“Kalau kita berkaca dari instruksi tersebut, semestinya ada solusi lain yang bisa dipakai oleh pemerintah. Pelantikan bisa dilakukan secara virtual, sehingga tidak menciptakan kerumunan,” kata pria yang akrab disapa Erikson Rame.

Ia berharap kedepan, Pemkab Ende harus menaati peraturan yang telah dibuat sehingga hal tersebut menjadi contoh yang baik bagi masyarakat.

“Jangan sampai Pemda melanggar peraturan yang dibuat sendiri,” tandas Erikson Rame.

Sementara Bupati Ende Jafar Ahmad yang dikonfirmasi media ini membantah menciptakan kerumunan, saat pelantikan pejabat lingkup Pemkab Ende.

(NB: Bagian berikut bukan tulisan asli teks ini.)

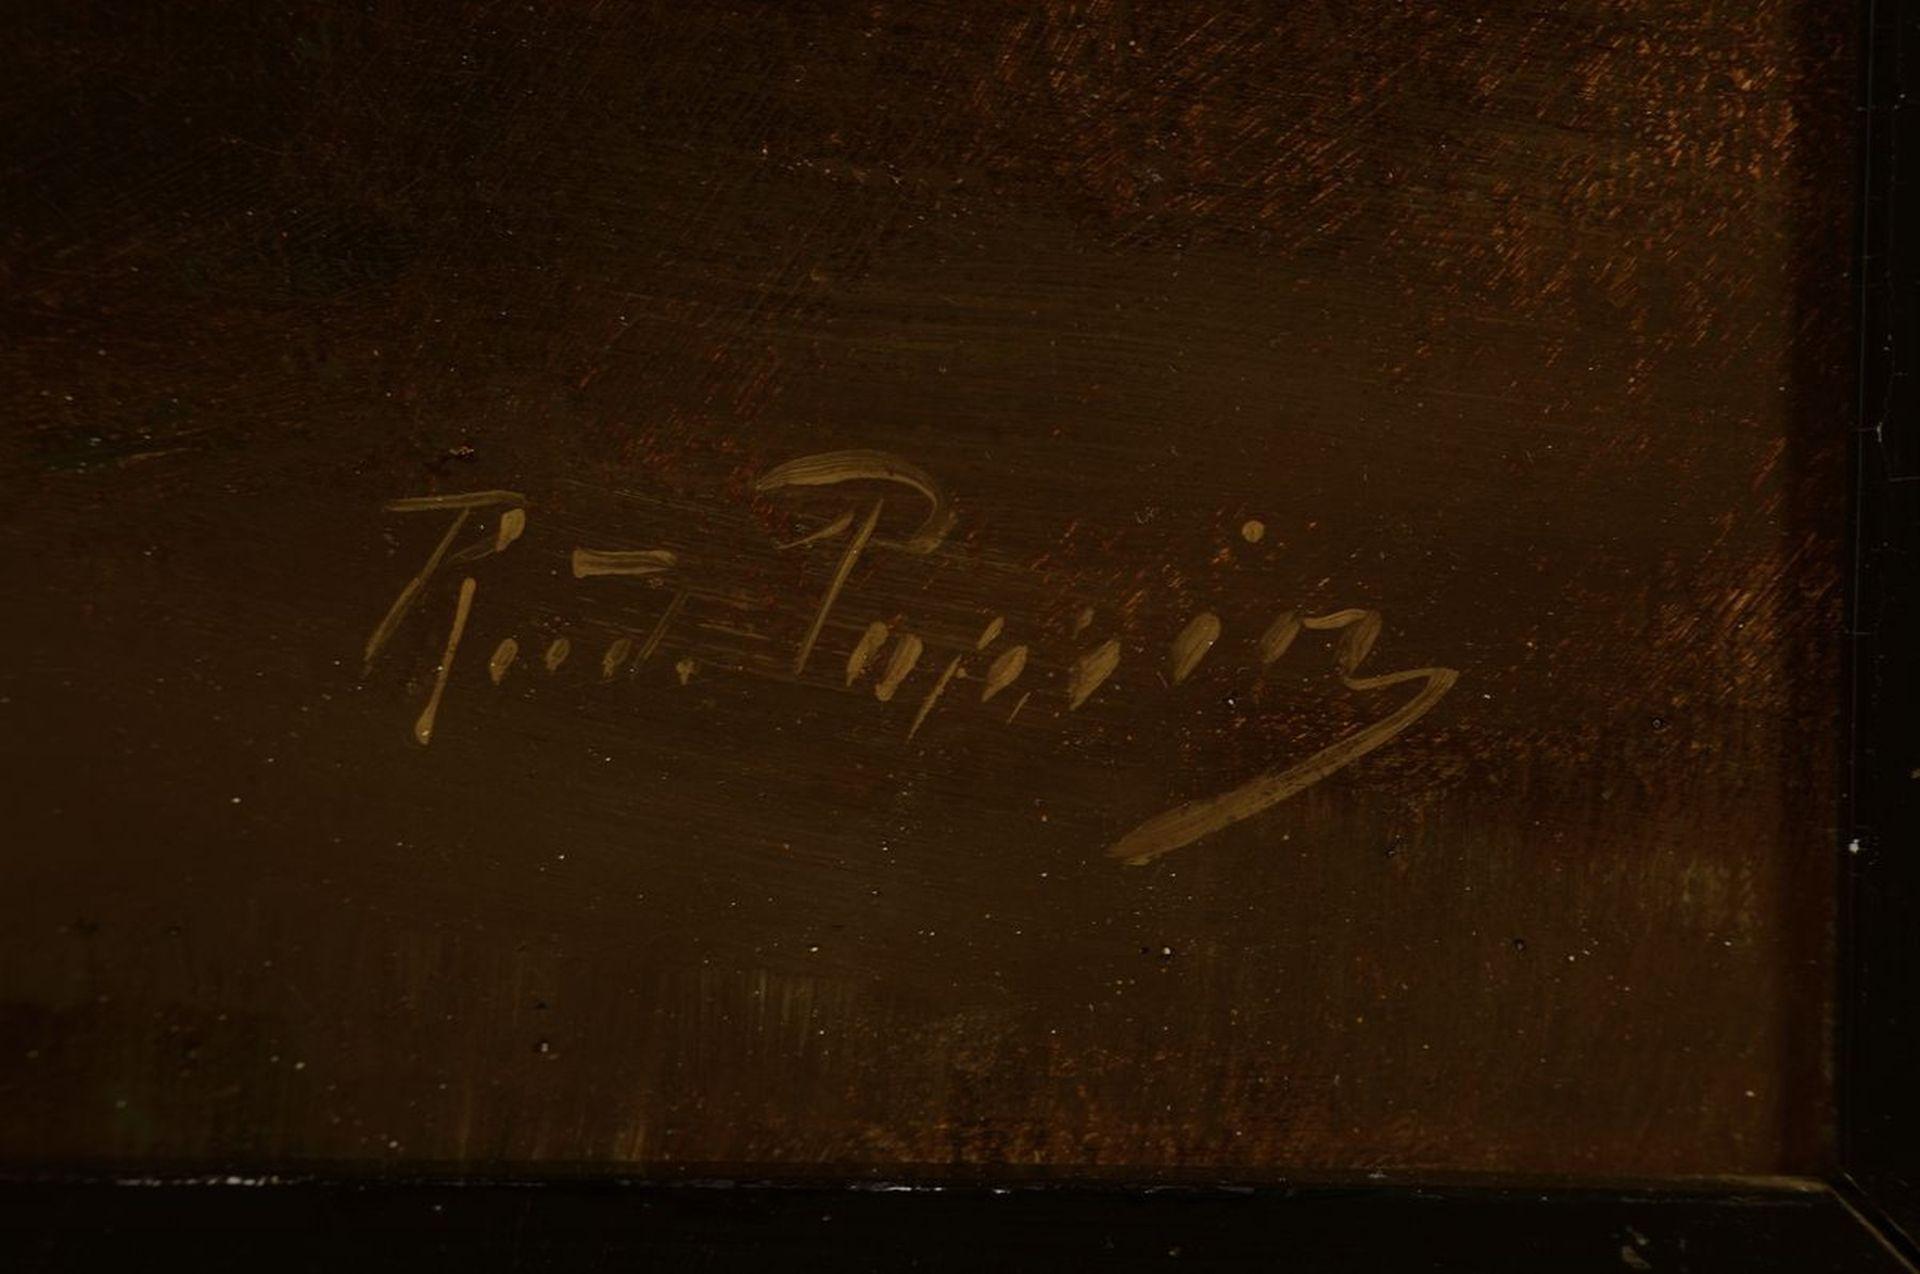 Rudolf Possin, 1861 Magdeburg-1922 Berlin, Holländisches - Bild 2 aus 3

“Teman-teman wartawan lihat di belakang ada tempat yang kosong. Lalu pejabat yang dilantik tersebut duduk saling menjaga jarak,” ungkap Jafar Ahmad.

“Kami tidak melakukan pelantikan secara virtual, karena kami ingin pesan moral pelantikan tersampaikan kepada para pegawai yang hari ini dilantik,” tandasnya. (TR/AB/KN)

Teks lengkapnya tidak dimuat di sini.